The tool can help start conversations about community challenges and bring awareness around livable communities and the criteria that make them good places to settle down. “It’s not about altering a community to make it look like another place,” Guzman says. “It’s about assessing your needs and challenges and what a community does well.”

Using the AARP Livability Index

Despite the layers of data used, the AARP Livability Index is easy to navigate.

Entering a town, city name or zip code will allow users to retrieve a Livability Score, ranging from 0 to 100 points, for that place. Communities scoring over 50, which is average, are “considered as doing well,” Guzman says. “When you look at the top-scoring communities, those are the places in the United States that are doing well in the majority of the categories compared to other places with similar population figures.”
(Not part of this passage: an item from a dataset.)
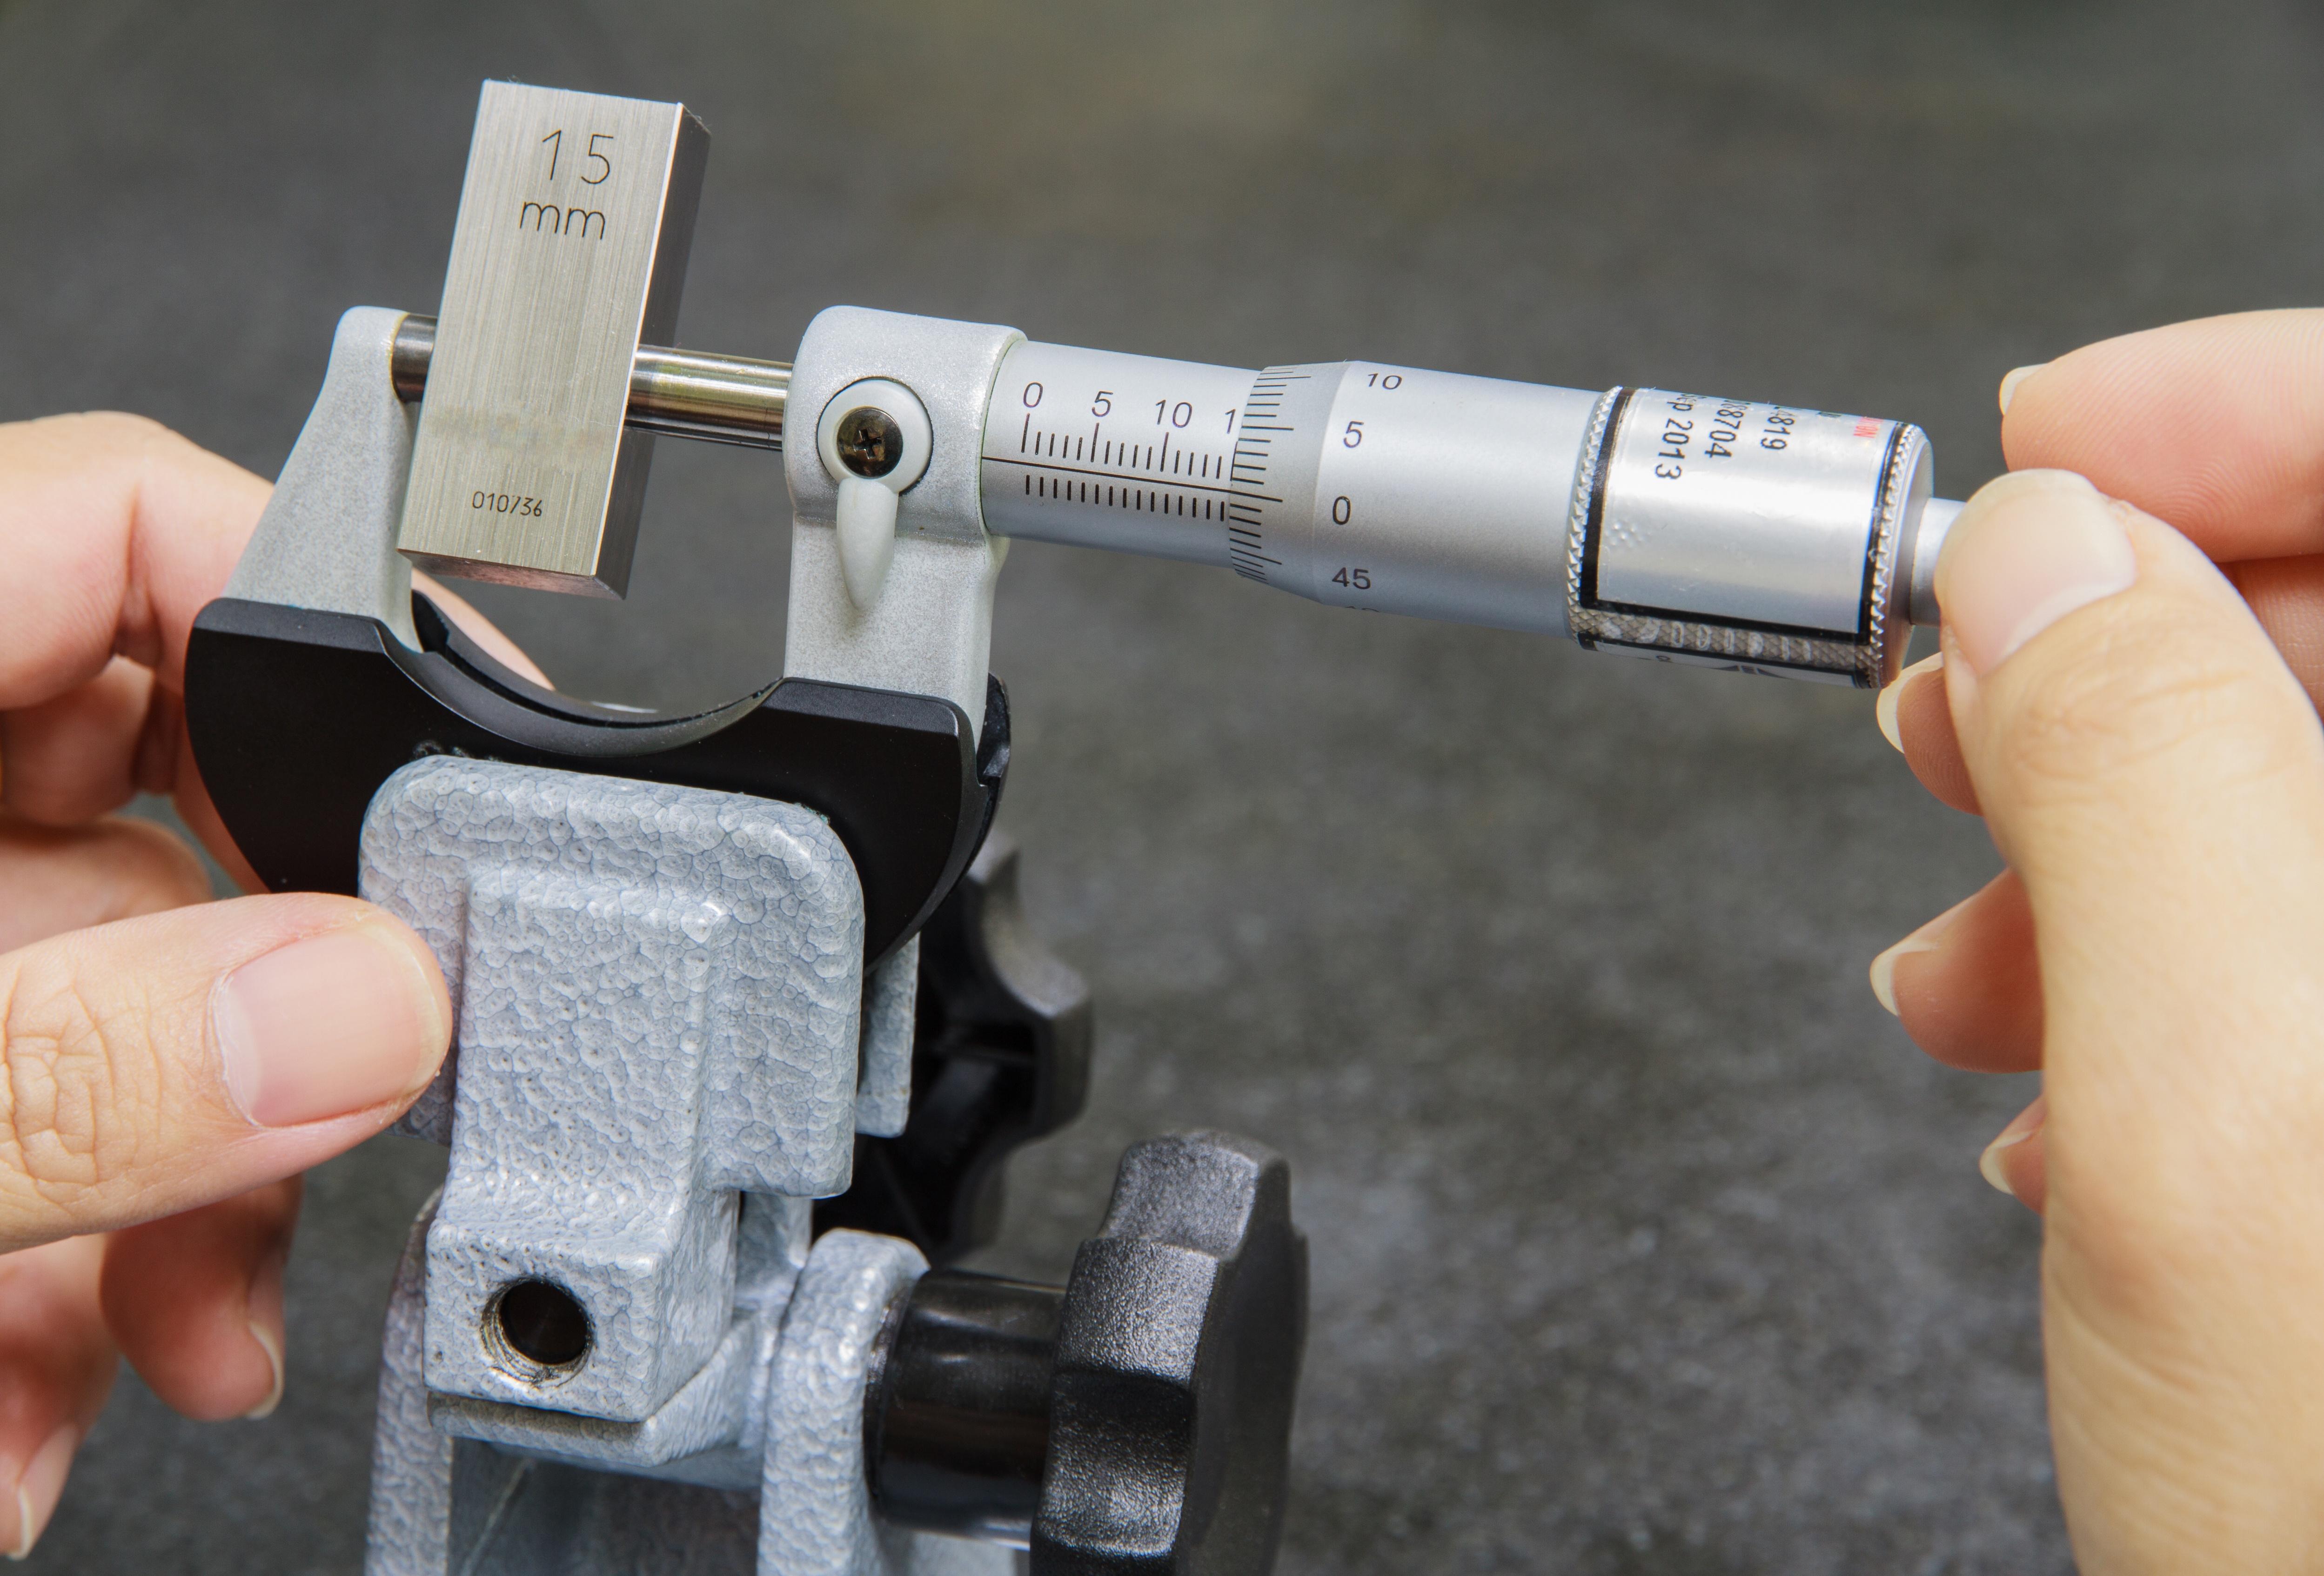 bigstock-Calibration-Micrometer-59688404-1.jpg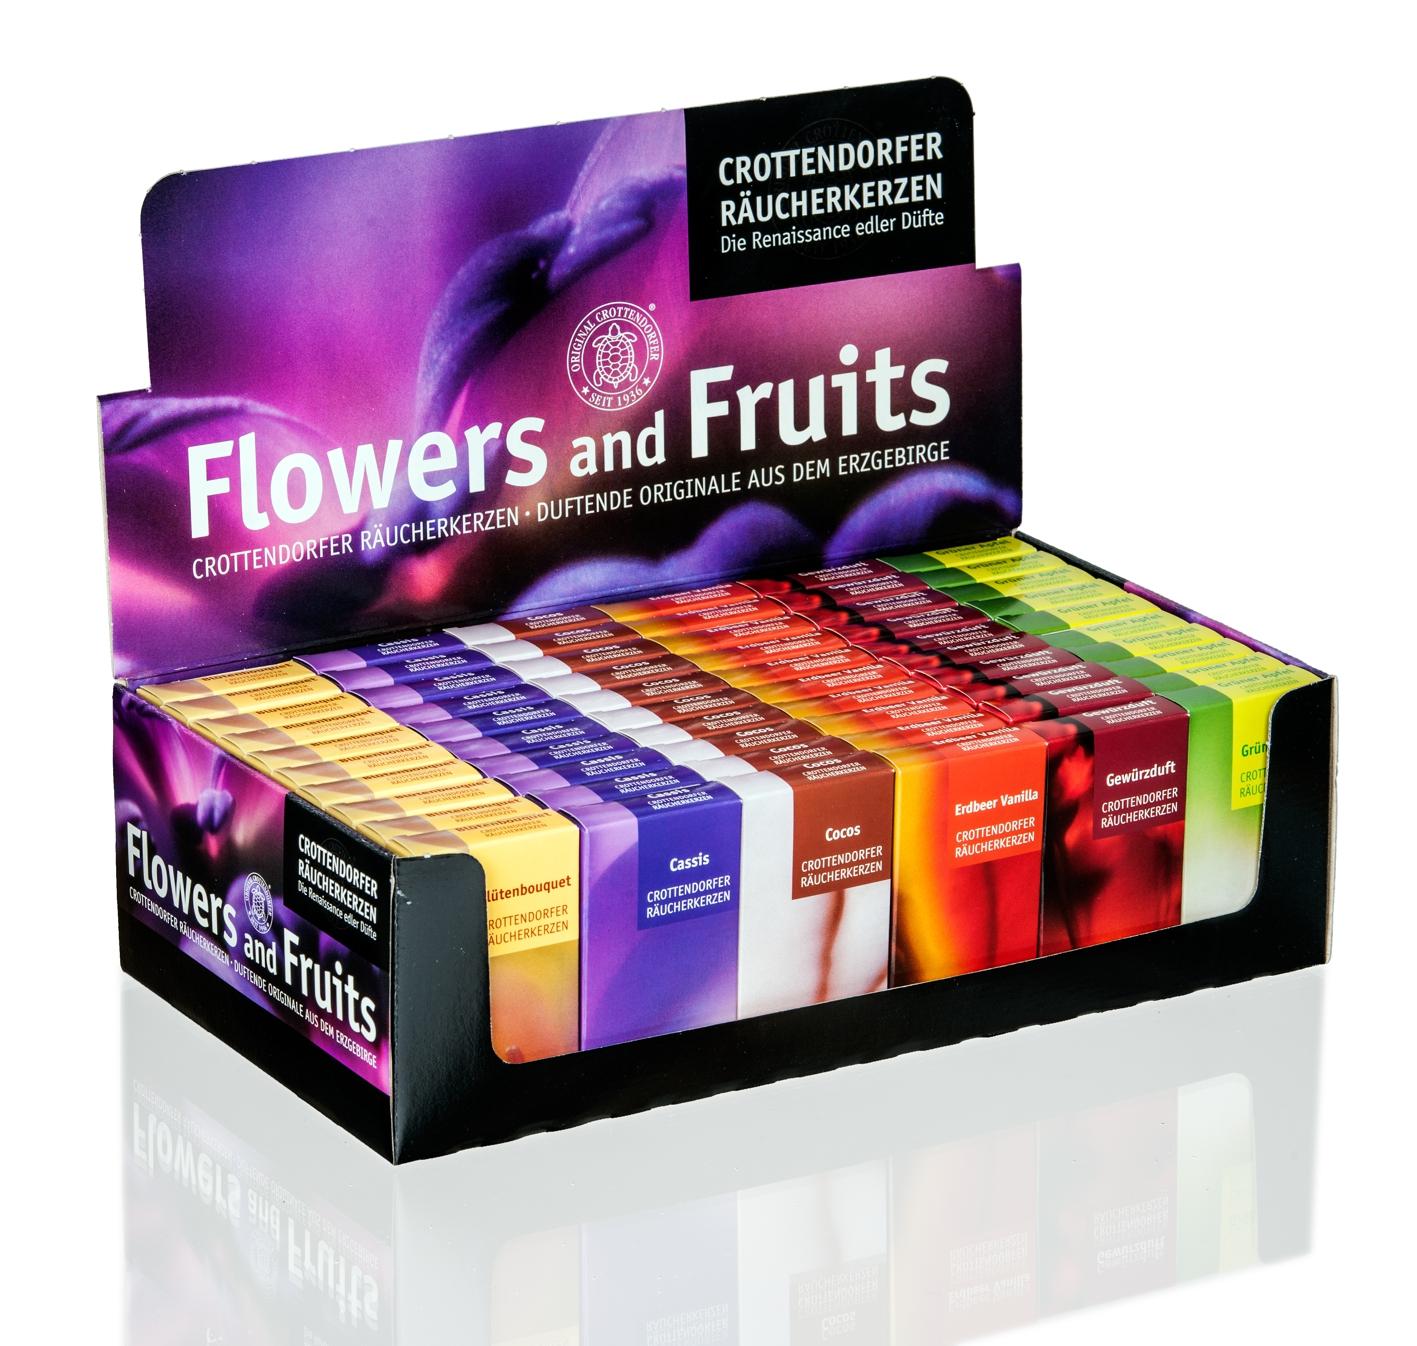 Räucherkerzen, Crottendorfer, Flowers & Fruits **Neu 2016**

The first page of a search provides basic demographic information. Users can click on a heat map that offers a visual deeper dive into each of the seven livability categories and the ability to see category definitions and how communities score.

The tool also allows users to make direct comparisons between places and learn where a community shines and where it might fall short.

Take St. Paul, Minnesota, which is ranked number 4 on the top 10 midsize cities’ list, with a Livability Score of 66. Nearby Minneapolis, Minnesota, is number 5 on that list, also with a score of 66. However, despite the twin scores for the Twin Cities, there are differences between them.

For instance, when it comes to housing, Minneapolis and St. Paul metrics highlight five data points that were considered (based on five years of information): zero-step entrances, availability of multifamily housing, housing costs, housing cost burden and availability of subsidized housing.

In St. Paul, 46.4 percent of housing units are multifamily, slightly down from 2015 and significantly higher than the U.S. median neighborhood of only 18 percent. In Minneapolis, 54.4 percent of units are multifamily. St. Paul has lower monthly housing costs and a lower housing cost burden. Further metrics show that under “health,” St. Paul lands at 31.9 percent on obesity prevalence and Minneapolis at 26.1 percent. While both have access to local transit options, Minneapolis buses and trains run more frequently than those in St. Paul (25 per hour versus 13 per hour, respectively). Both cities show very high levels (99 percent) of engagement, which encompasses access to broadband, civic and social involvement, voting rates, and cultural, arts and entertainment institutions.

In addition, individuals can customize the livability score. If housing is not a concern, the customization tool can put less weight on that data point and emphasize something else, like the importance of public transportation.

Ultimately, users can research different methods of scoring communities to fit their own lifestyle.